The petitioner has moved this Court on the basis of his apprehension that the amount required to be deposited by the judgment debtor as per the impugned order is by way of calculating interest over interest. 10. After carefully listening to the parties and going through the judgment cited on their behalf, I fail to appreciate the contention of the petitioner as in view of the categorical ratio decided by Hon'ble Supreme Court of India in the decision reported in (1999) 3 SCC 80 (s u p r a ) on the date on which Rs. 87,54,000/-was deposited by the judgment debtor i.e. 27.02.2003, the first adjustment was required to be made against interest part of the decree and the rest part remaining was required to be further paid as principal + interest @ 18% thereon calculated upto the date i.e. 21.03.2003 as determined by the Executing Court and further directing the judgment debtor to deposit the same within stipulated date i.e. 26.06.2003. The judgment debtor had not disputed the said amount i.e.

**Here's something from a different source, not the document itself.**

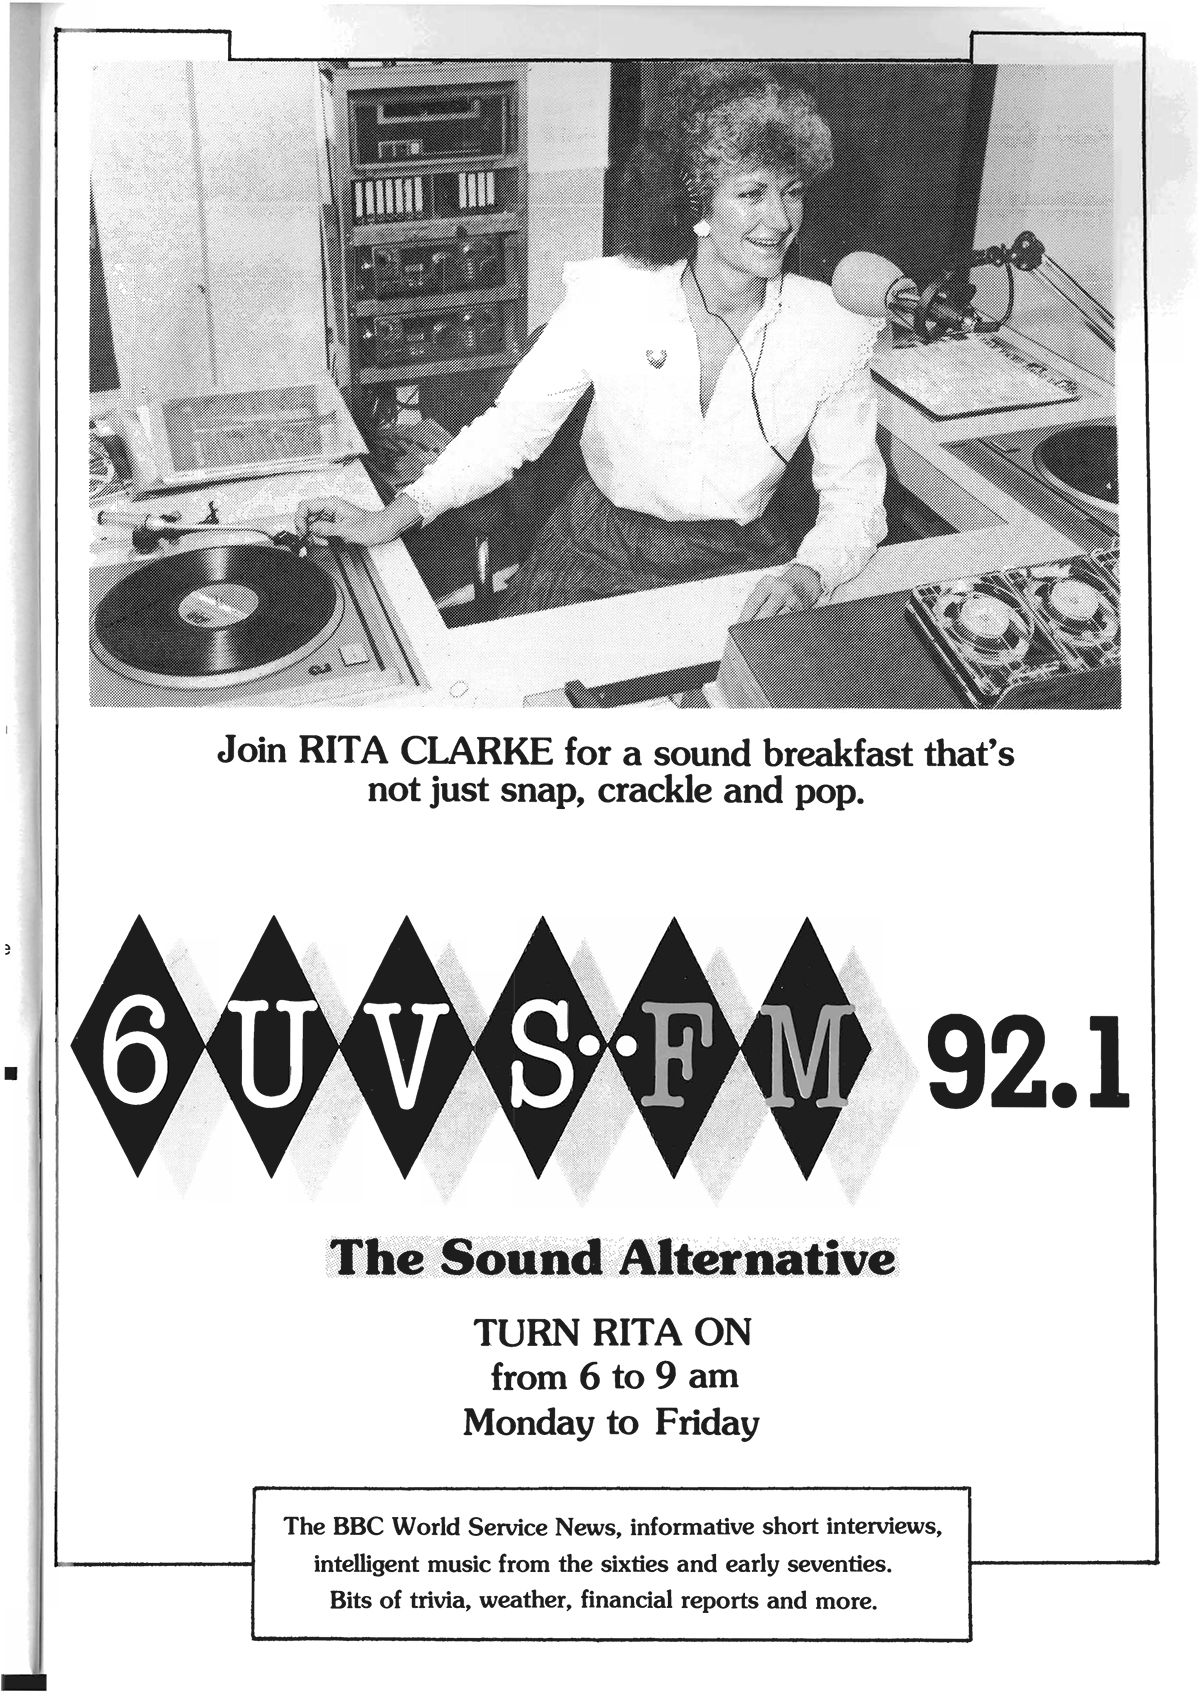 A black and white poster advertising the radio station 6UVSFM 92.1 and depicting a photograph of a woman at a radio station and text below that reads 'Join Rita Clarke for a sound breakfast that's not just snap, crackle and pop.'

Rs. 31,21,056/-, which he was earlier directed to deposit on 26.06.2003. However, since he delayed in depositing the said amount, which was finally deposited on 10.05.2004, the decree holder was right in requesting the Executing Court to direct the Judgment Debtor to pay the amount by calculating interest @ 18% over the balance principal amount of Rs. 30,87,558/-remaining on 27.02.2003 till the date of actual payment i.e. 10.05.2004. However, learned trial Court instead of quantifying the decretal amount to be paid as on 10.05.2004, left certain vagueness in the final decretal amount which was required to be deposited by the judgment debtor in execution of Award in question by 10.05.2004. 11. In view of the aforesaid reason, the matter is remanded back to the executing Court to quantify the outstanding decretal amount by calculating the interest @ 18% on the balance amount may of Rs. 30,87,558/-as existing on 27.02.2003 against the judgment debtor till 10.05.2004 by subtracting the amount of Rs. 31,21,056/- which the judgment debtor deposited on 10.05.2004, although he was directed to deposit it by 26.06.2003. The aforesaid calculation needs to be worked out after hearing to the parties within a period of three months from the date of receipt/production of the copy of this order. 12. With the aforesaid observation and direction, this writ petition stands disposed of.